In a new statement about elevating cybersecurity efforts in the United States, Department of Homeland Security (DHS) Secretary Alejandro Mayorkas did not mention the SolarWinds cyberattack.
But he did praise the work of the U.S. government so far in cyber, and says his agency is going to take it up a notch:
"Cybersecurity is more important than ever, and we will build on the Department's excellent work as we transform our whole-of-government approach to tackle the challenge we face as a nation. This week is just the beginning of a series of actions DHS will pursue nationally and internationally to improve cybersecurity at all levels."
5 CISA cybersecurity accomplishments
Secretary Mayorkas says that DHS plans to carry out President Biden's vision when it comes to cybersecurity in the U.S.
This means that the Cybersecurity and Infrastructure Security Agency (CISA), which is part of Homeland Security, will use its expanded powers.
Congress recently passed the National Defense Authorization Act (NDAA), which allows CISA more power to tackle its responsibilities. This includes allowing CISA authorities to "hunt" for cyber threats in federal networks and to identify vulnerable technologies used by critical infrastructure sectors.

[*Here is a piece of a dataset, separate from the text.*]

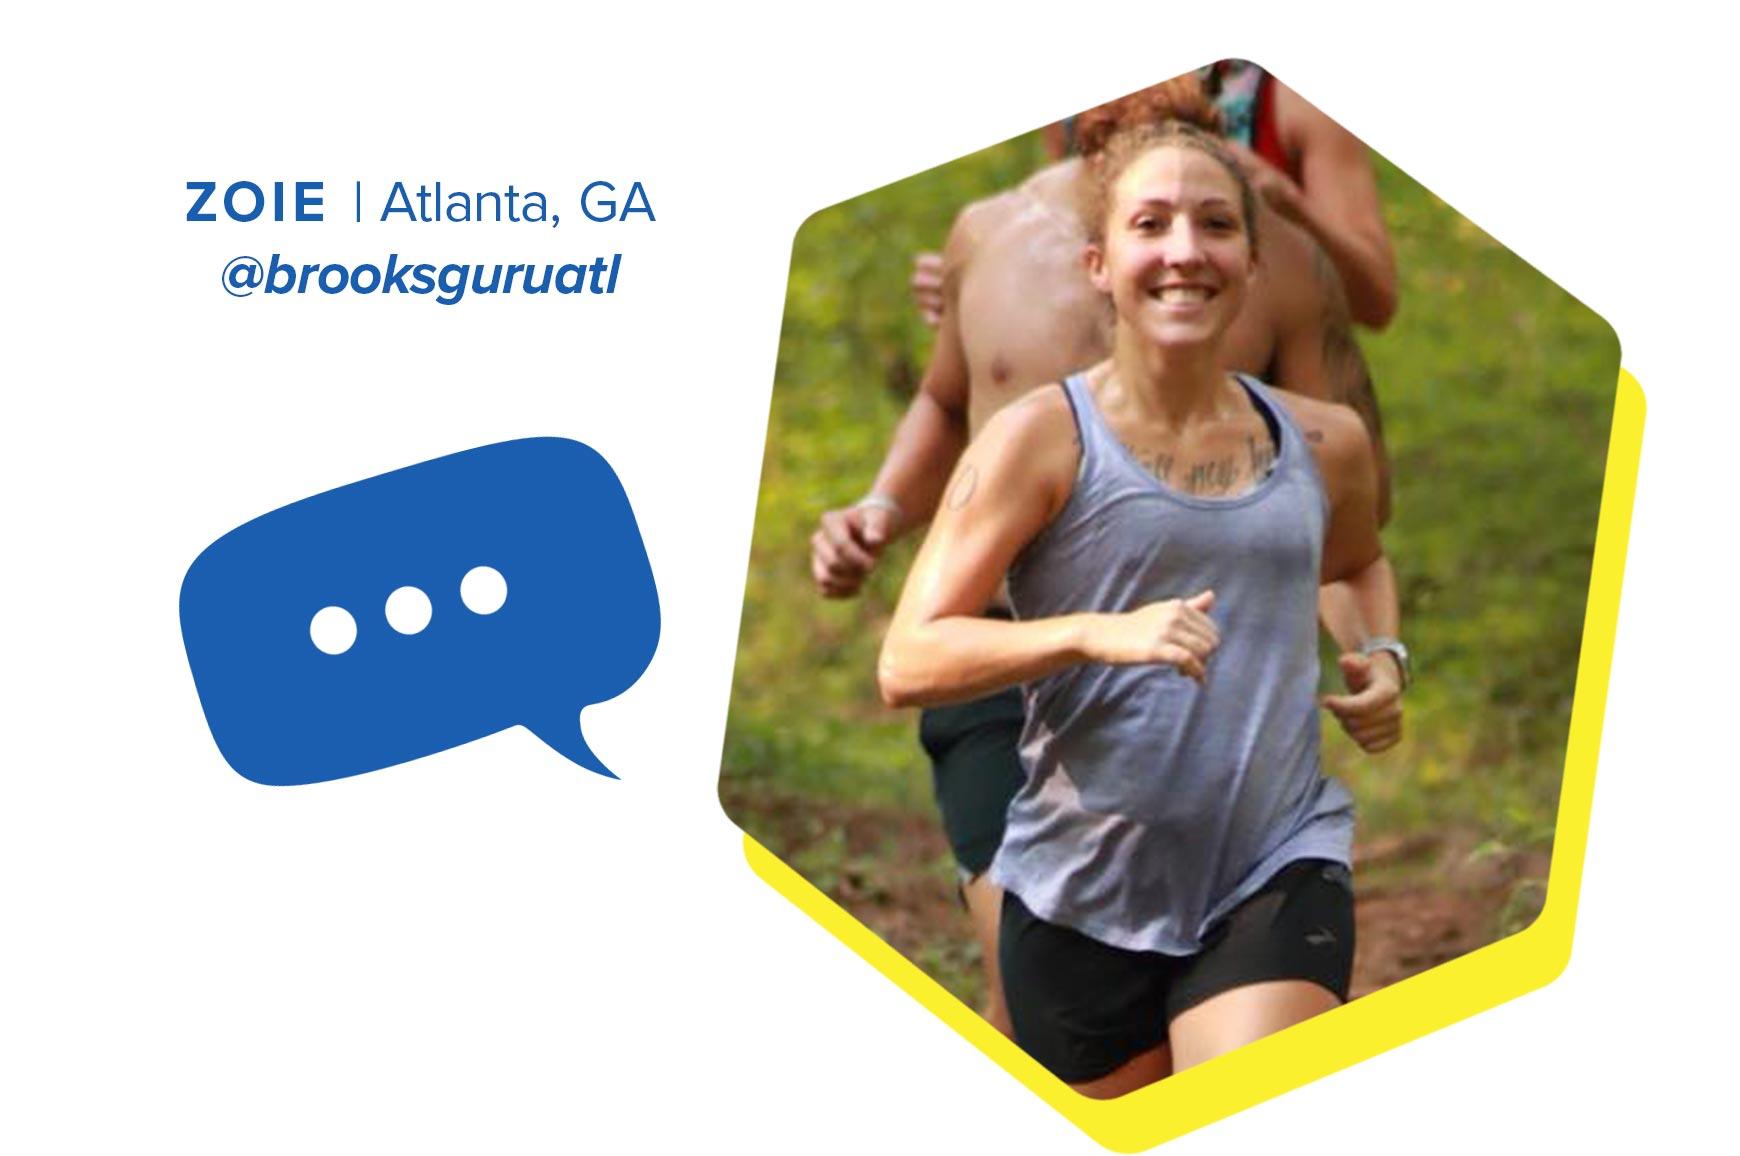 Zoie on a run and text that reads 'Zoie| Atlanta, GA | @brooksguruatl

For 2021, CISA has identified five specific cyber topics to focus on:
- "Leading the national effort to secure the 2020 election, including by sharing timely cybersecurity information with state and local election officials;
- Driving urgent remediation of risks posed by the exploitation of commonly used network management software and providing incident response assistance to compromised entities;
- Collaborating with government and private sector partners to disrupt and help protect against malicious activity perpetrated by North Korean actors against financial institutions, including the distribution of technical alerts to help network defenders protect against these threats;
- Issuing a directive to federal agencies requiring implementation of vulnerability disclosure programs, which allow security researchers to proactively identify weaknesses in government websites and applications; and
- Facilitating shared cybersecurity services that can be used by federal civilian agencies and SLTT governments to rapidly improve cybersecurity capabilities."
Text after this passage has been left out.